— Aim of the task —
Give the listing again, word for word, and let no picture into it.

— Material provided —
◇ ◇ ◇ ◇ ◇
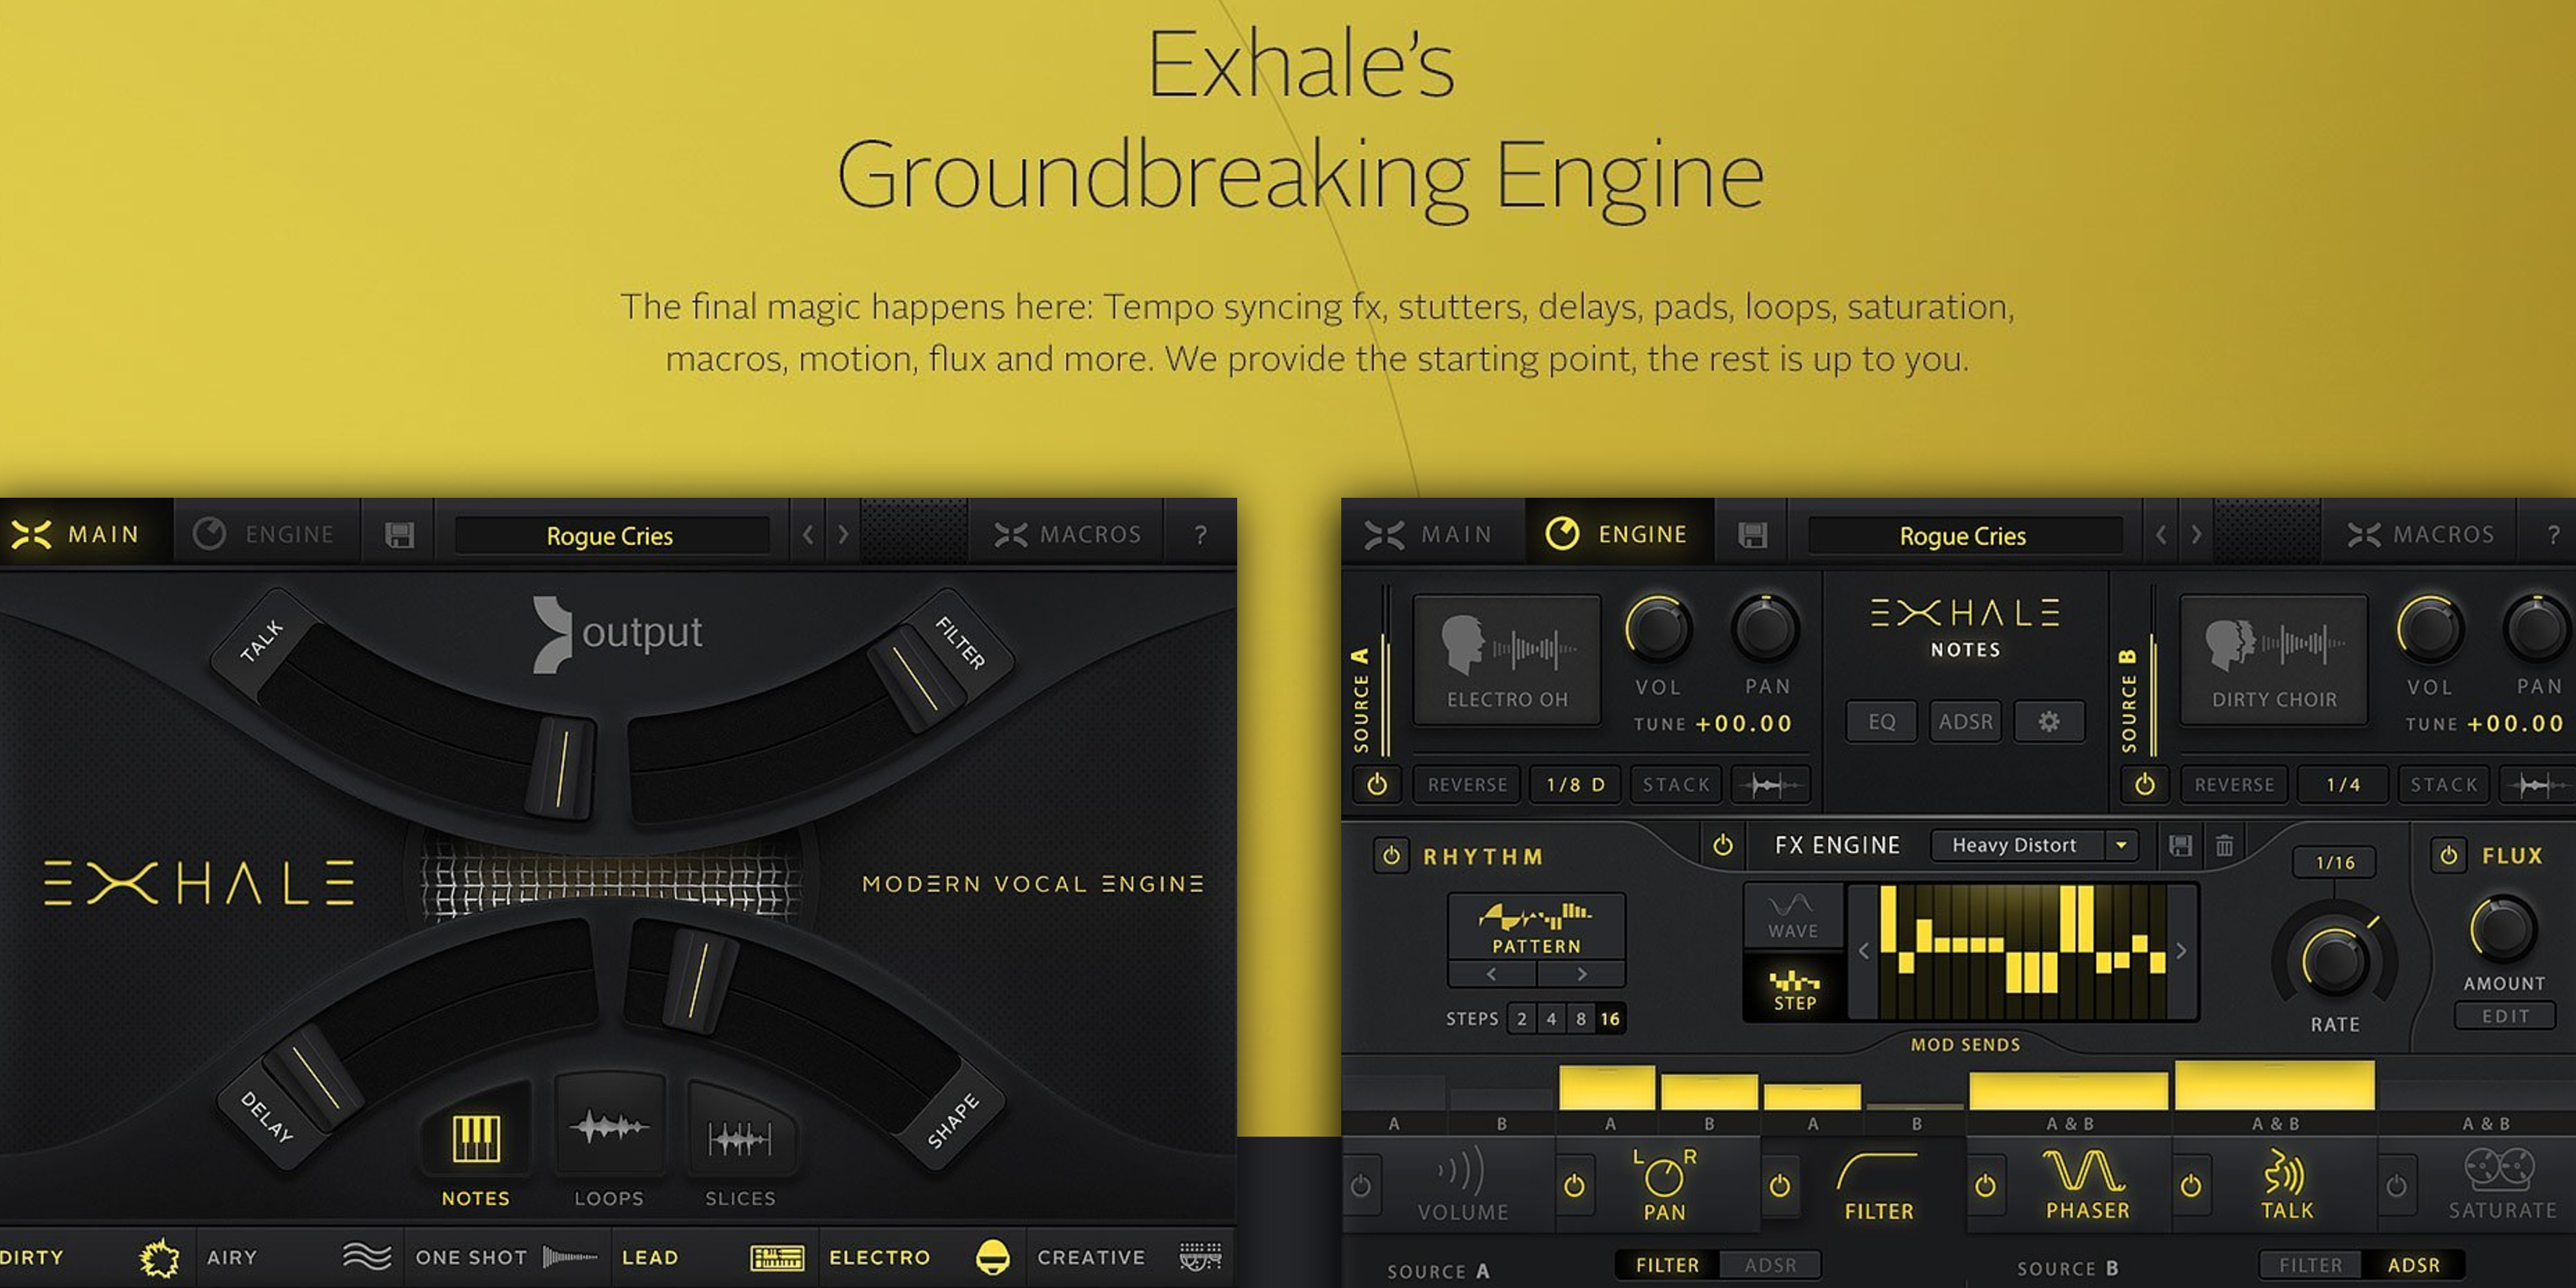 making music with exhale by output fl studio 12
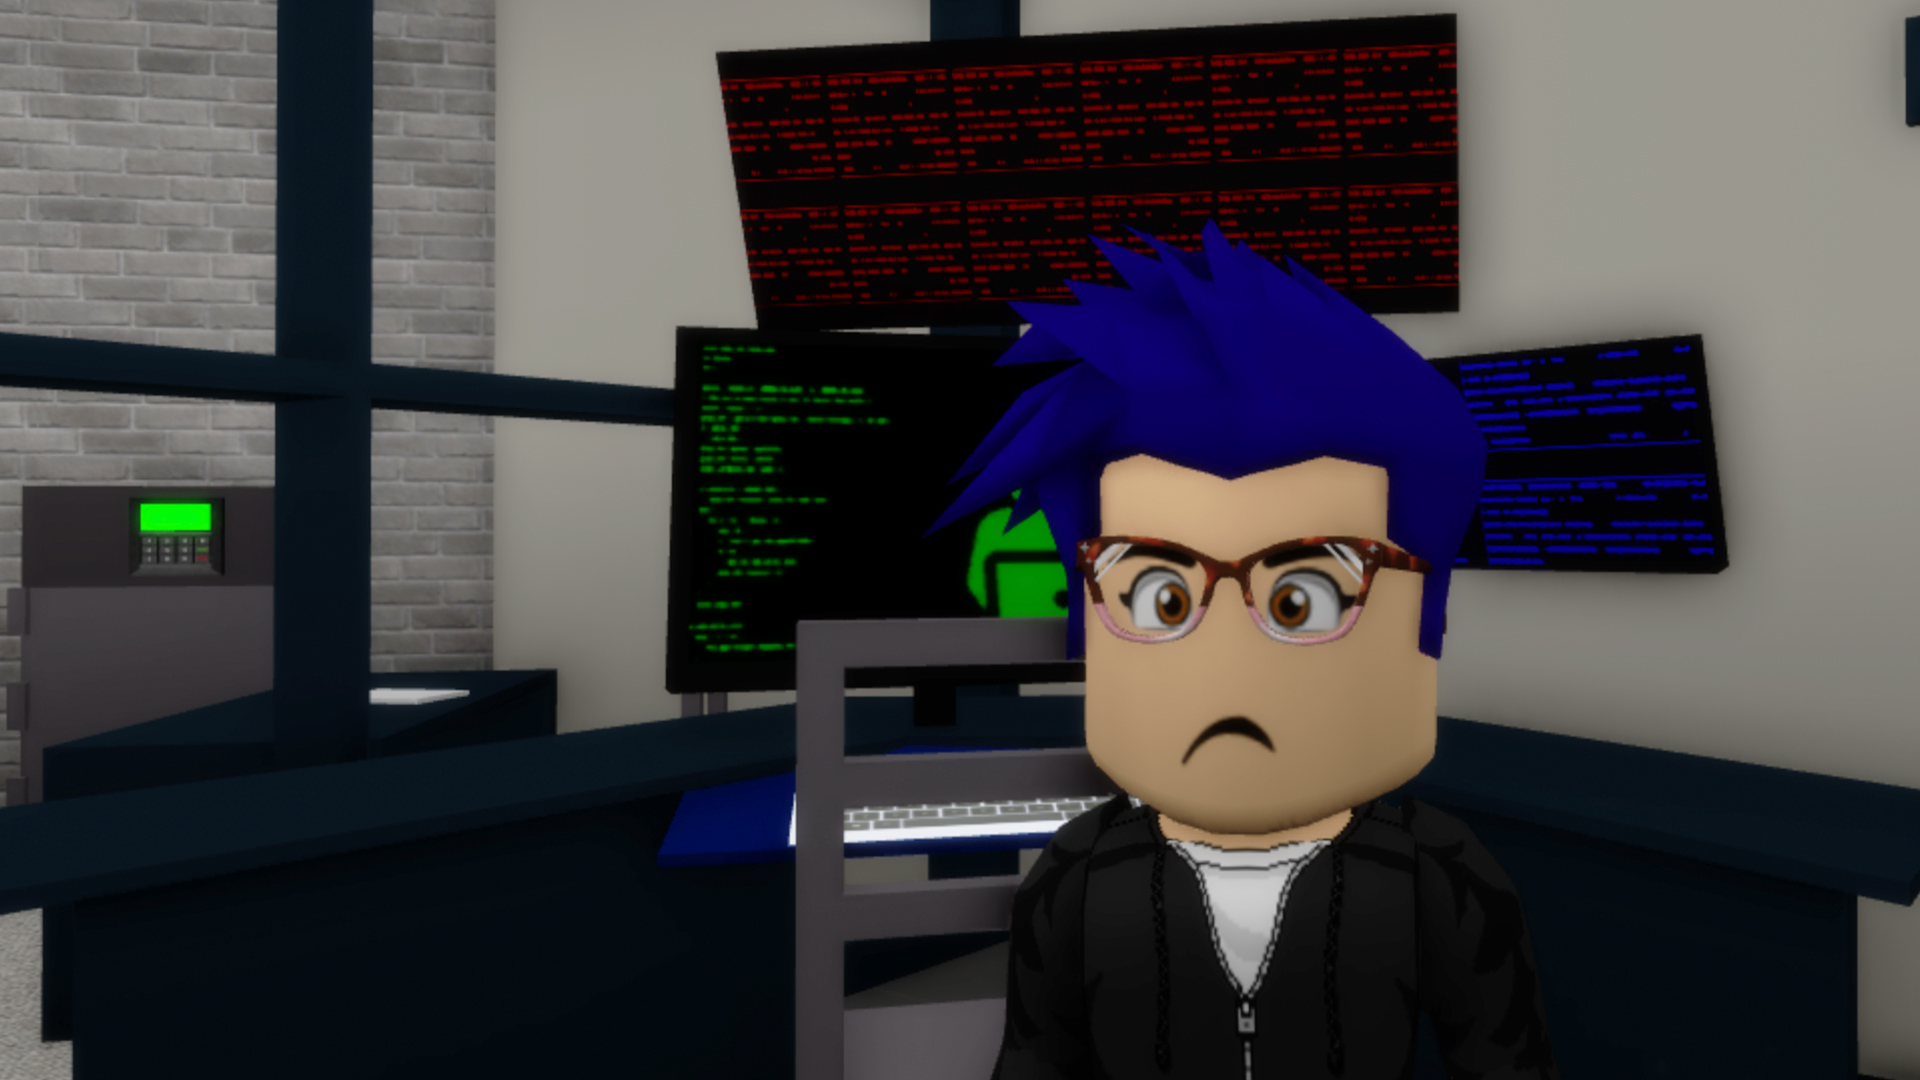 Roblox hack returns, banning innocent players from the platform
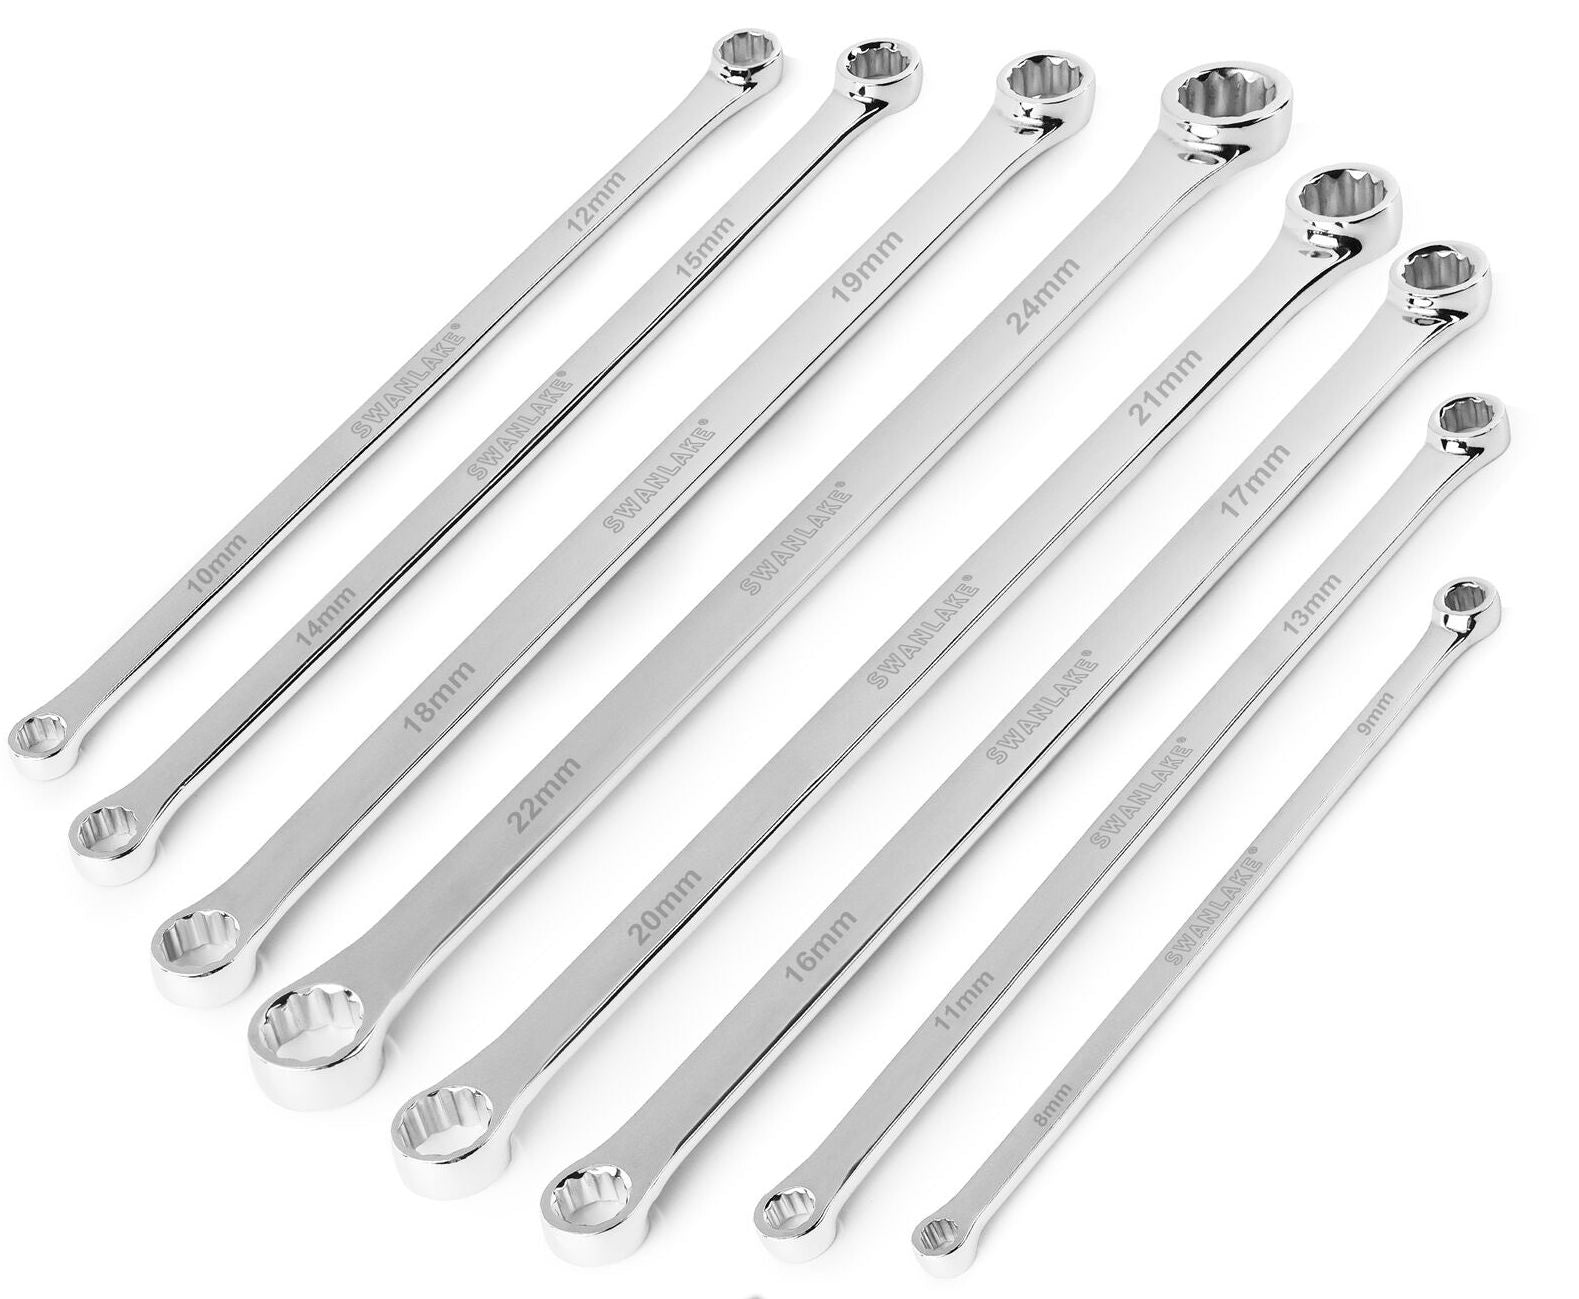 8 Pcs Extra Long Double Box End Wrench Set 8 - 24mm Aviation Spanner W –  German Audio Tech
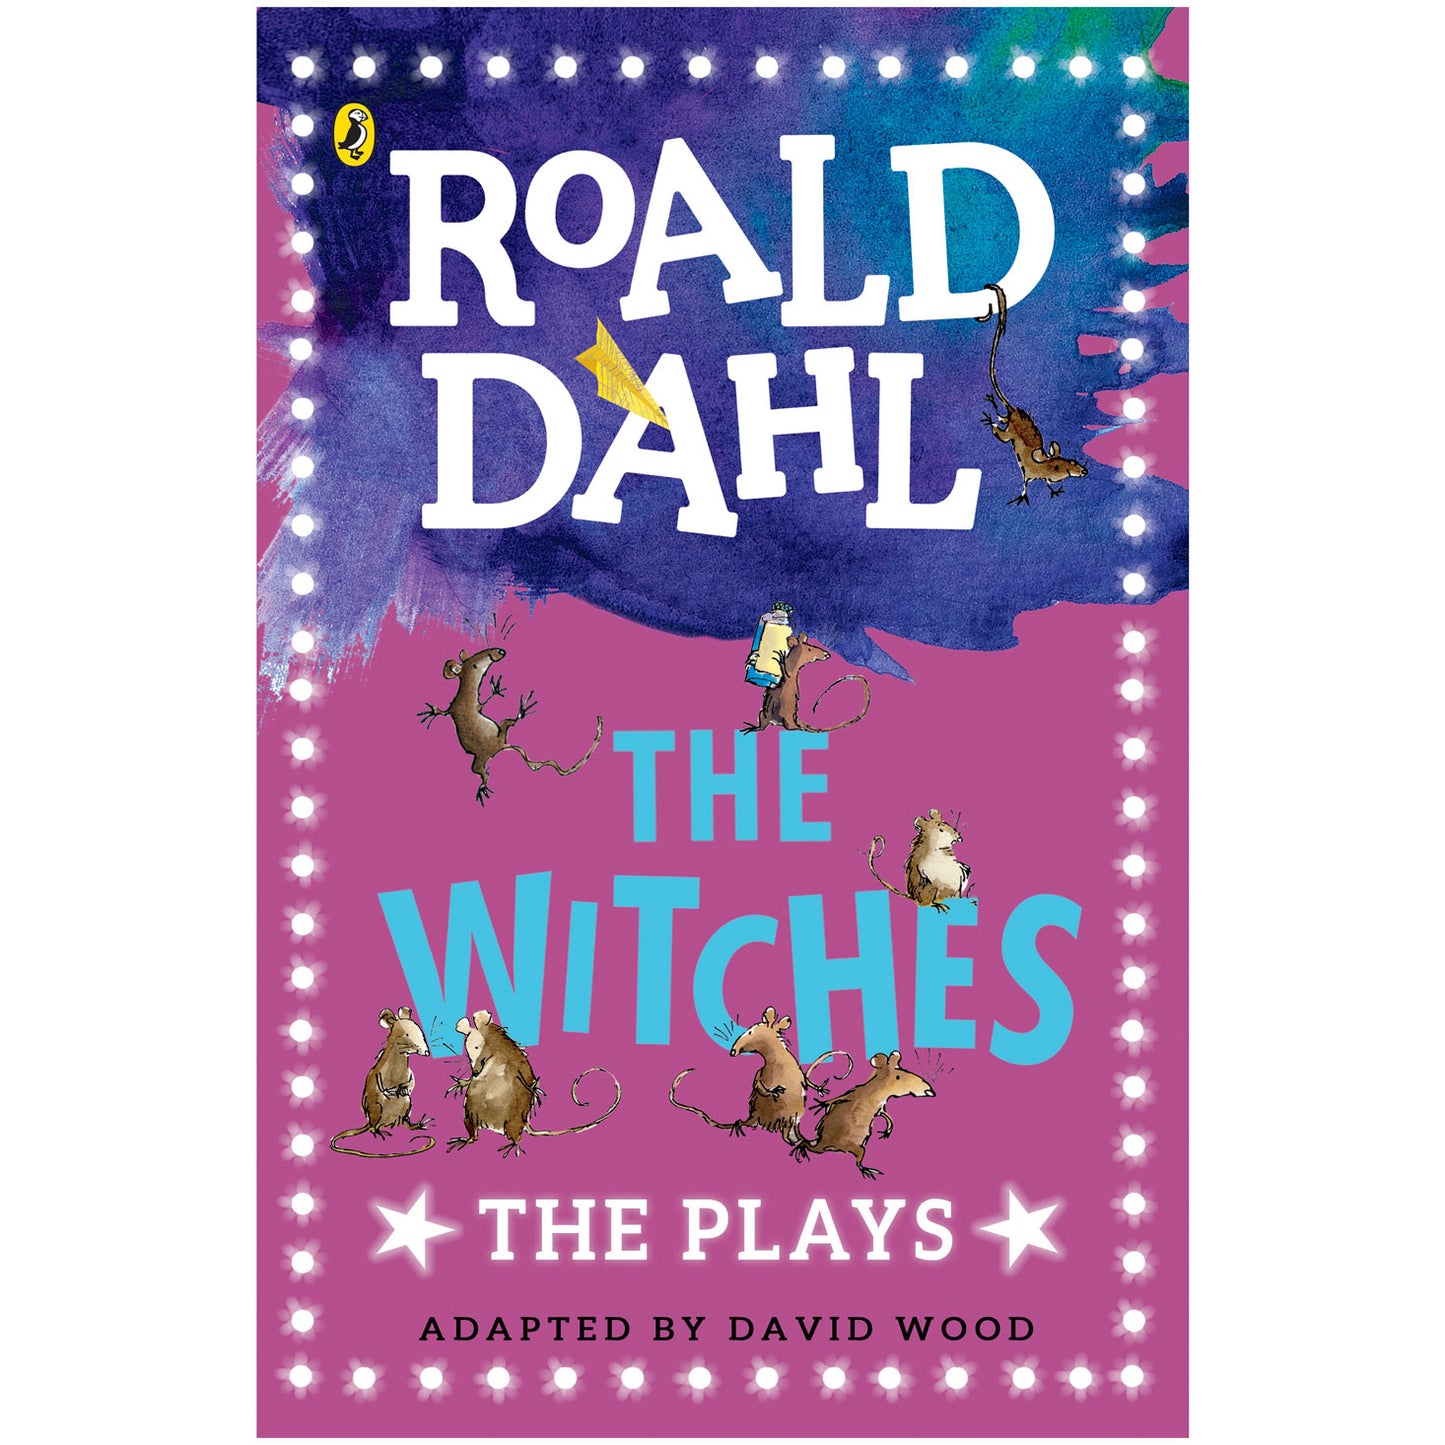 Plays based on Roald Dahl's The Witches and illustrated by Quentin Blake
◇ ◇ ◇ ◇ ◇
— Exercise result —
 making music with exhale by output fl studio 12
 Roblox hack returns, banning innocent players from the platform
 8 Pcs Extra Long Double Box End Wrench Set 8 - 24mm Aviation Spanner W –  German Audio Tech
 Plays based on Roald Dahl's The Witches and illustrated by Quentin Blake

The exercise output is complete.